▶ [Information provided]
┄┄┄┄┄┄┄┄┄┄

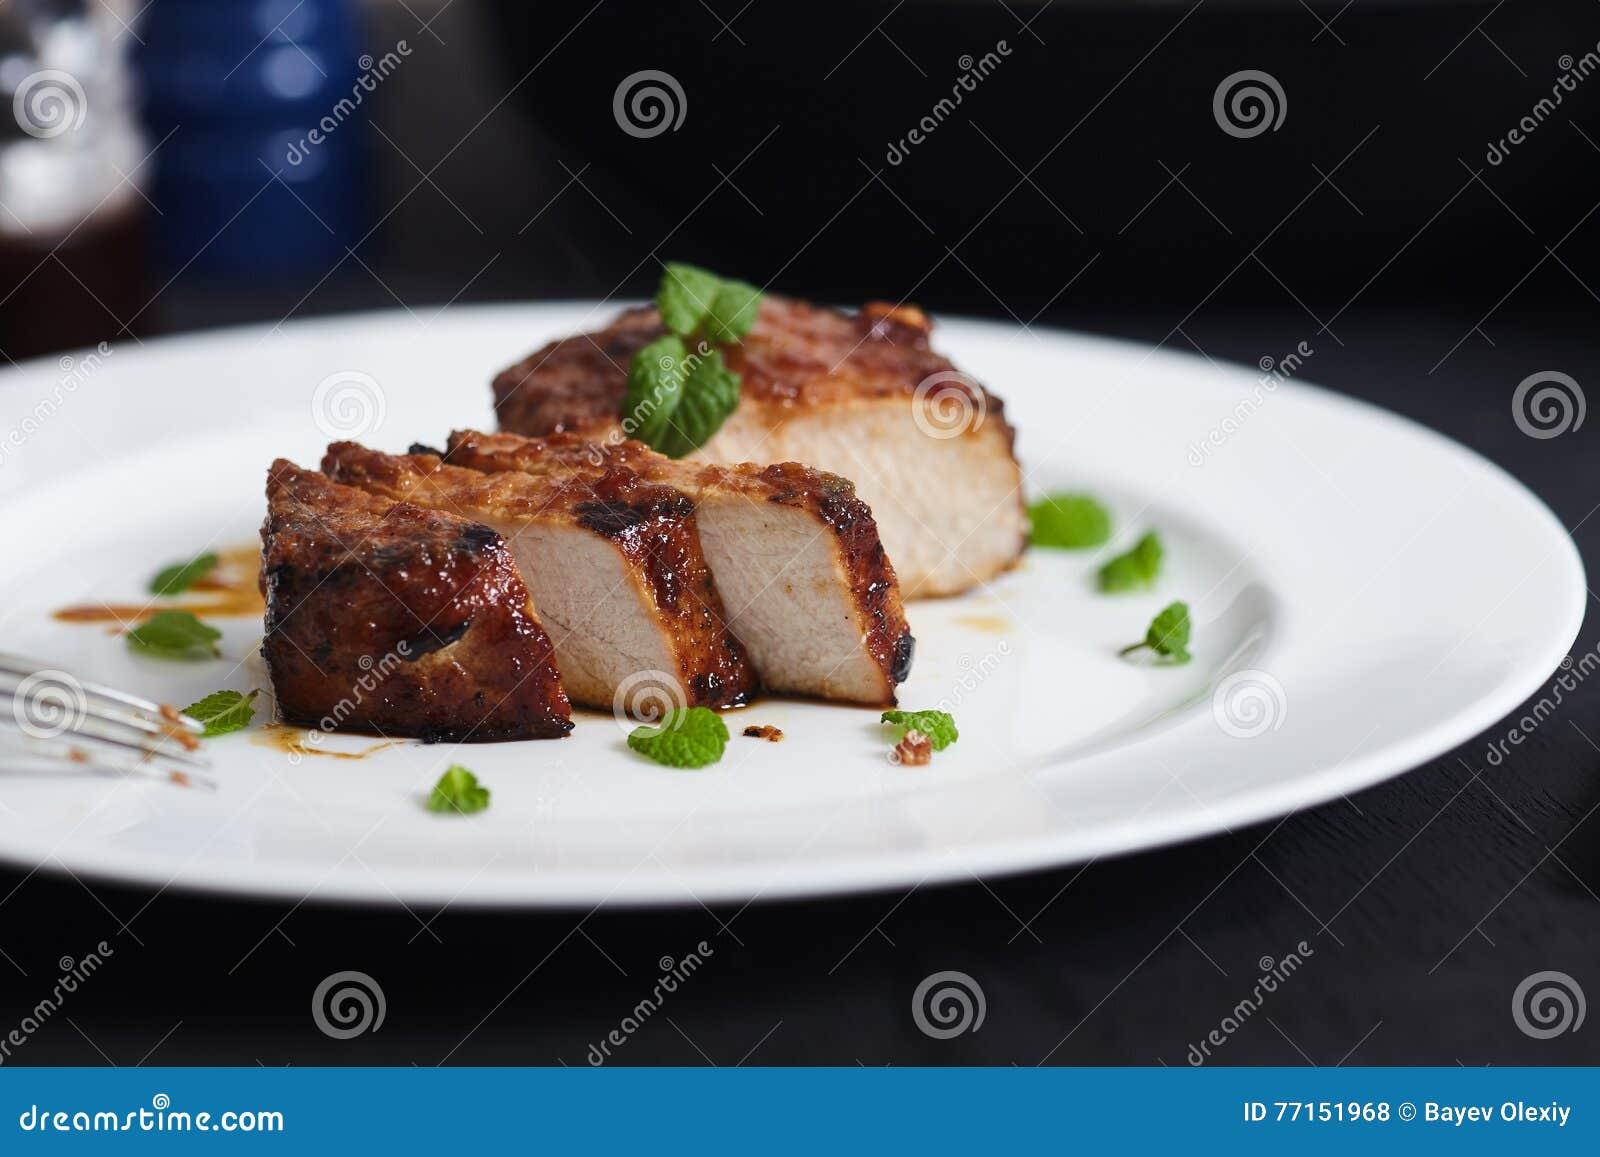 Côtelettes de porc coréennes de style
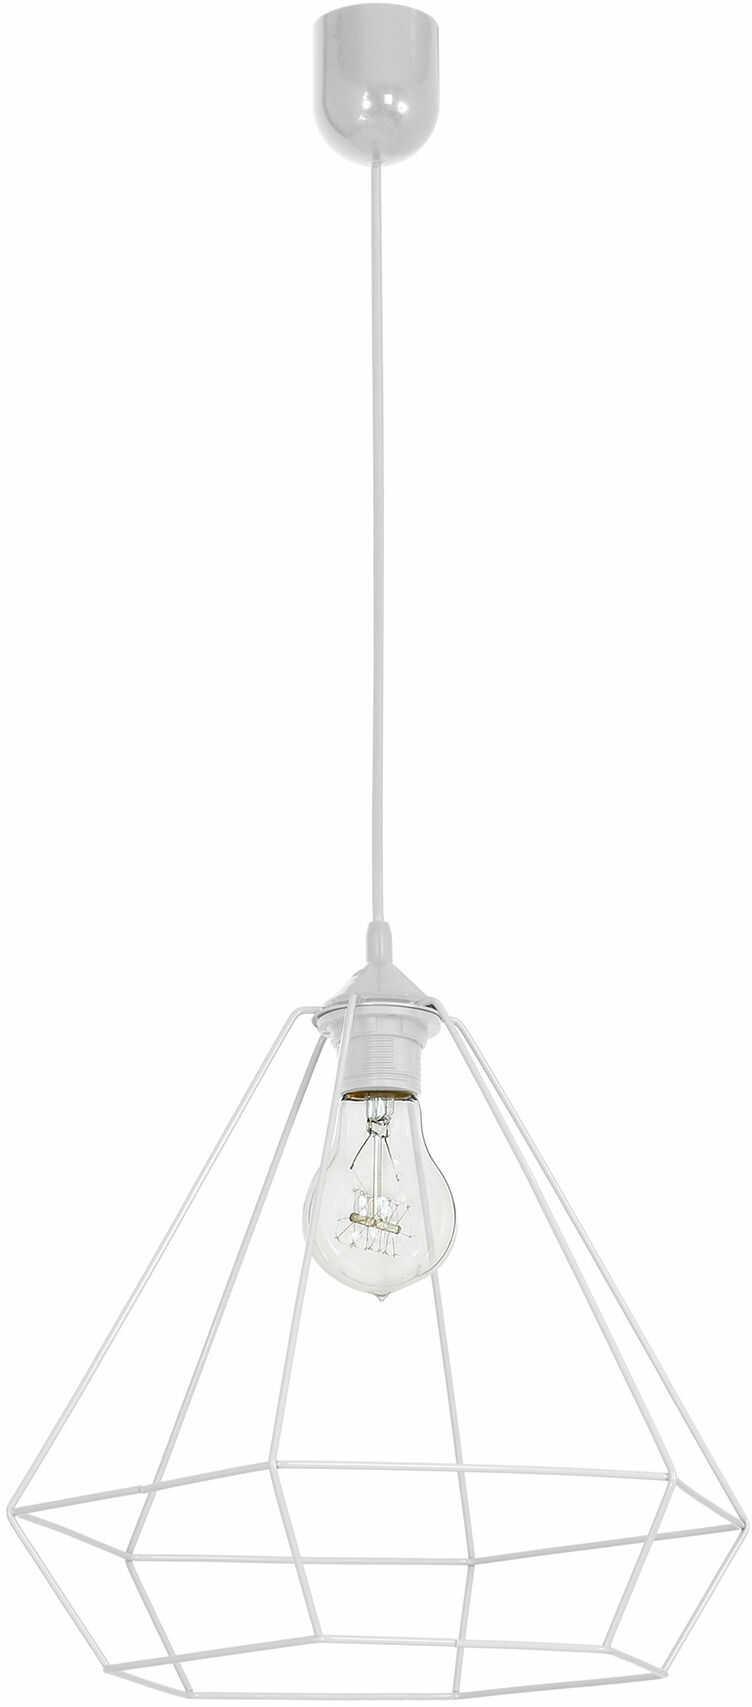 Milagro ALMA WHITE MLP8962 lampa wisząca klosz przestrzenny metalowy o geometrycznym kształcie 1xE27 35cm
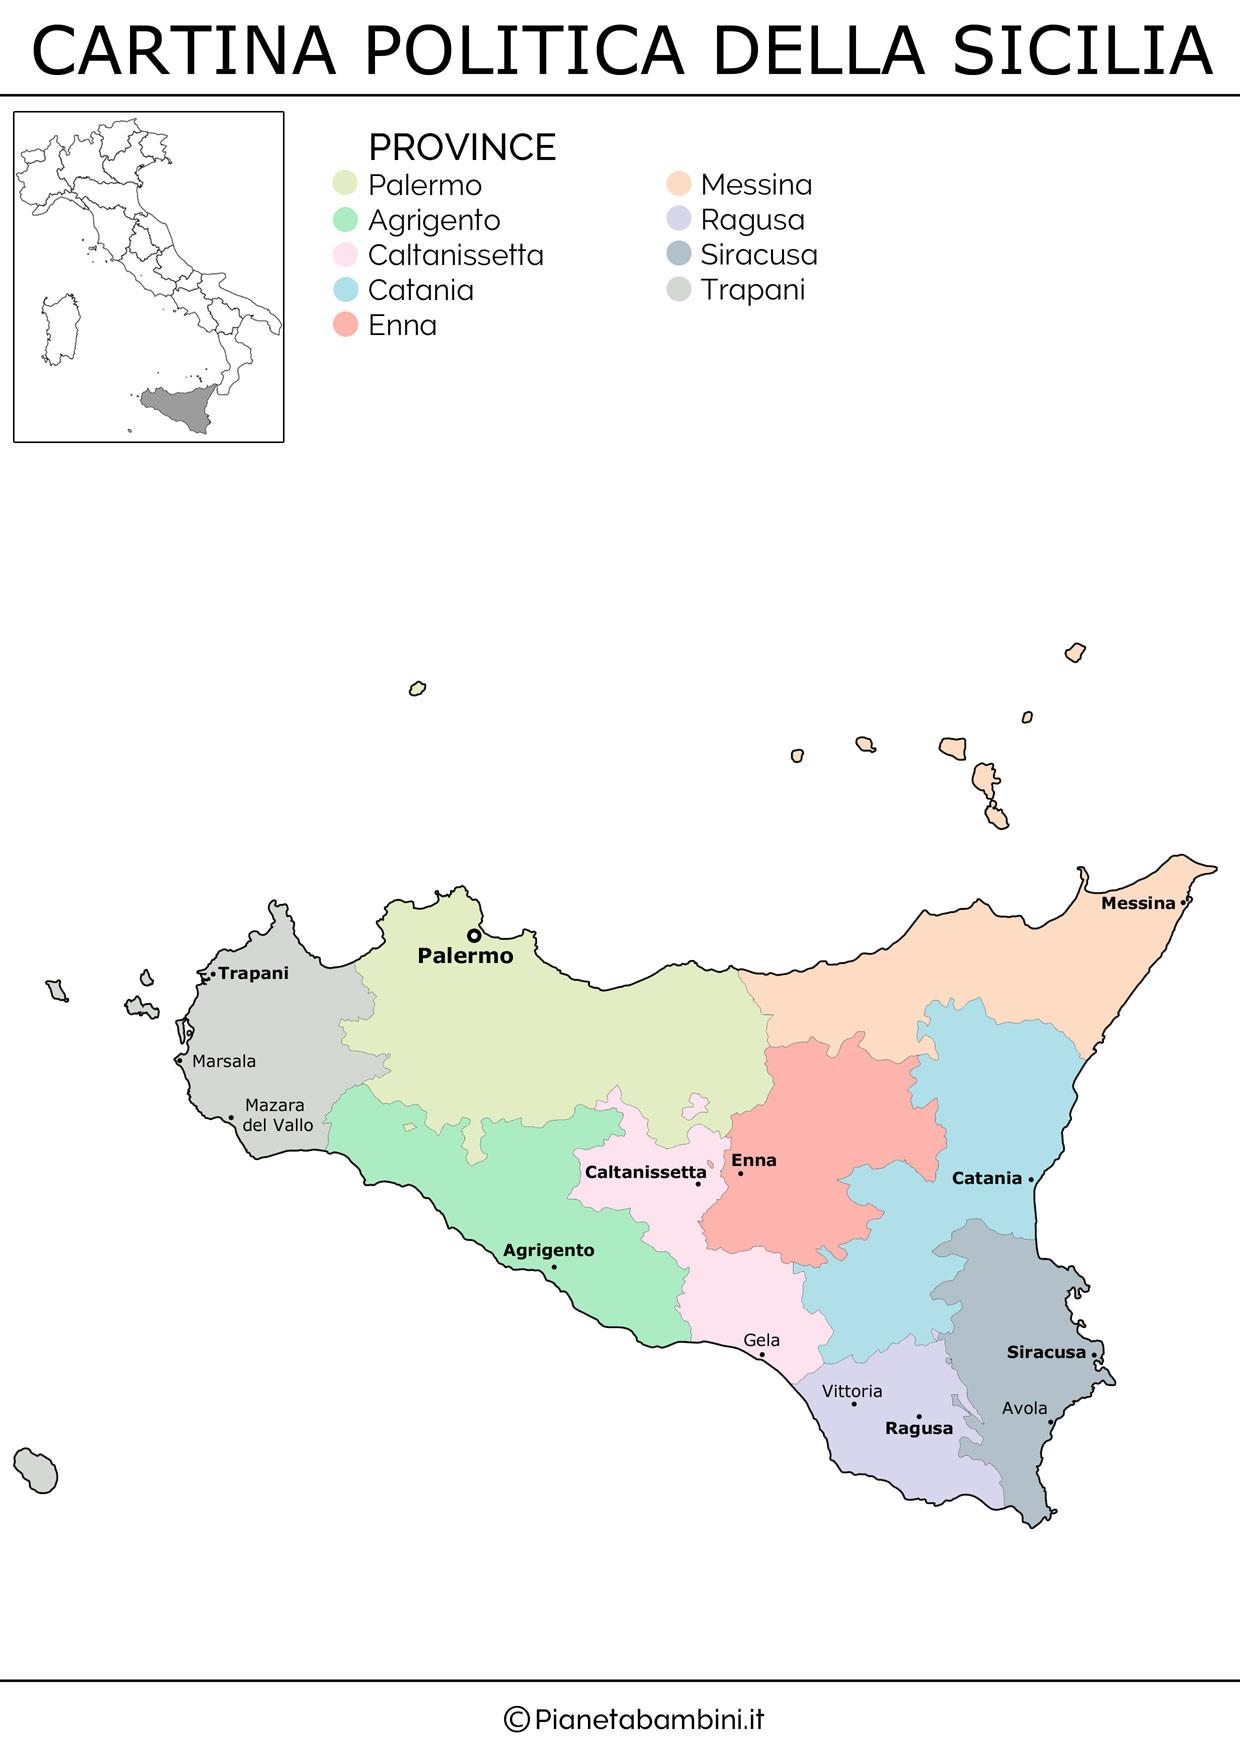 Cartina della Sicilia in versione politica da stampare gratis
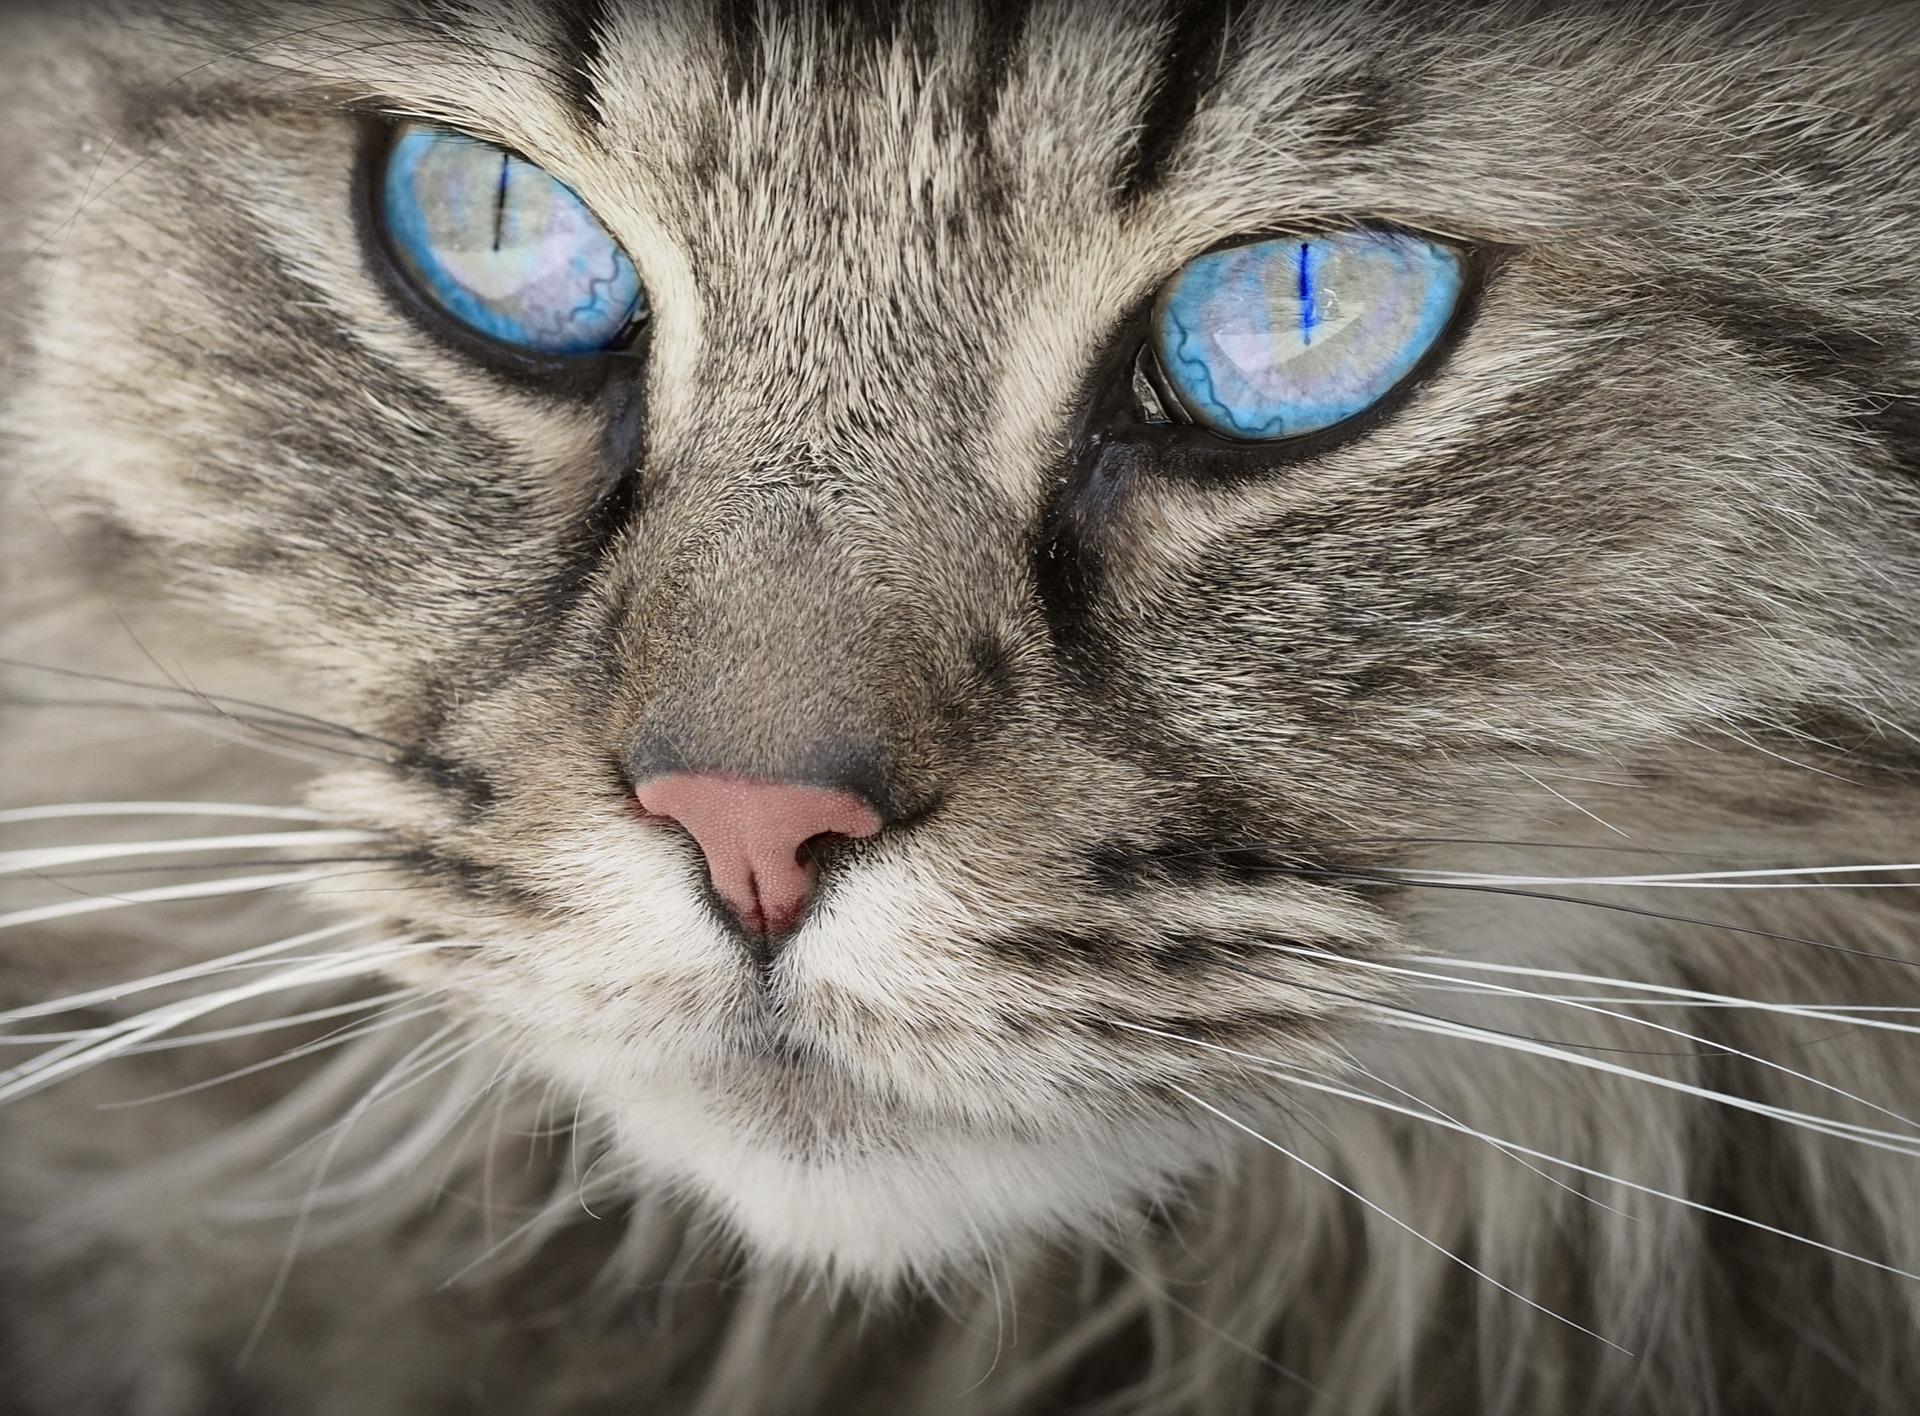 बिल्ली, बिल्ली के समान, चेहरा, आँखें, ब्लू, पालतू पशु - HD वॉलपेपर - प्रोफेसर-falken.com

┄┄┄┄┄┄┄┄┄┄

▶ [Brief]
Output the data above exactly. Drop every picture.

▶ [Answer]
 Côtelettes de porc coréennes de style
 Milagro ALMA WHITE MLP8962 lampa wisząca klosz przestrzenny metalowy o geometrycznym kształcie 1xE27 35cm
 Cartina della Sicilia in versione politica da stampare gratis
 बिल्ली, बिल्ली के समान, चेहरा, आँखें, ब्लू, पालतू पशु - HD वॉलपेपर - प्रोफेसर-falken.com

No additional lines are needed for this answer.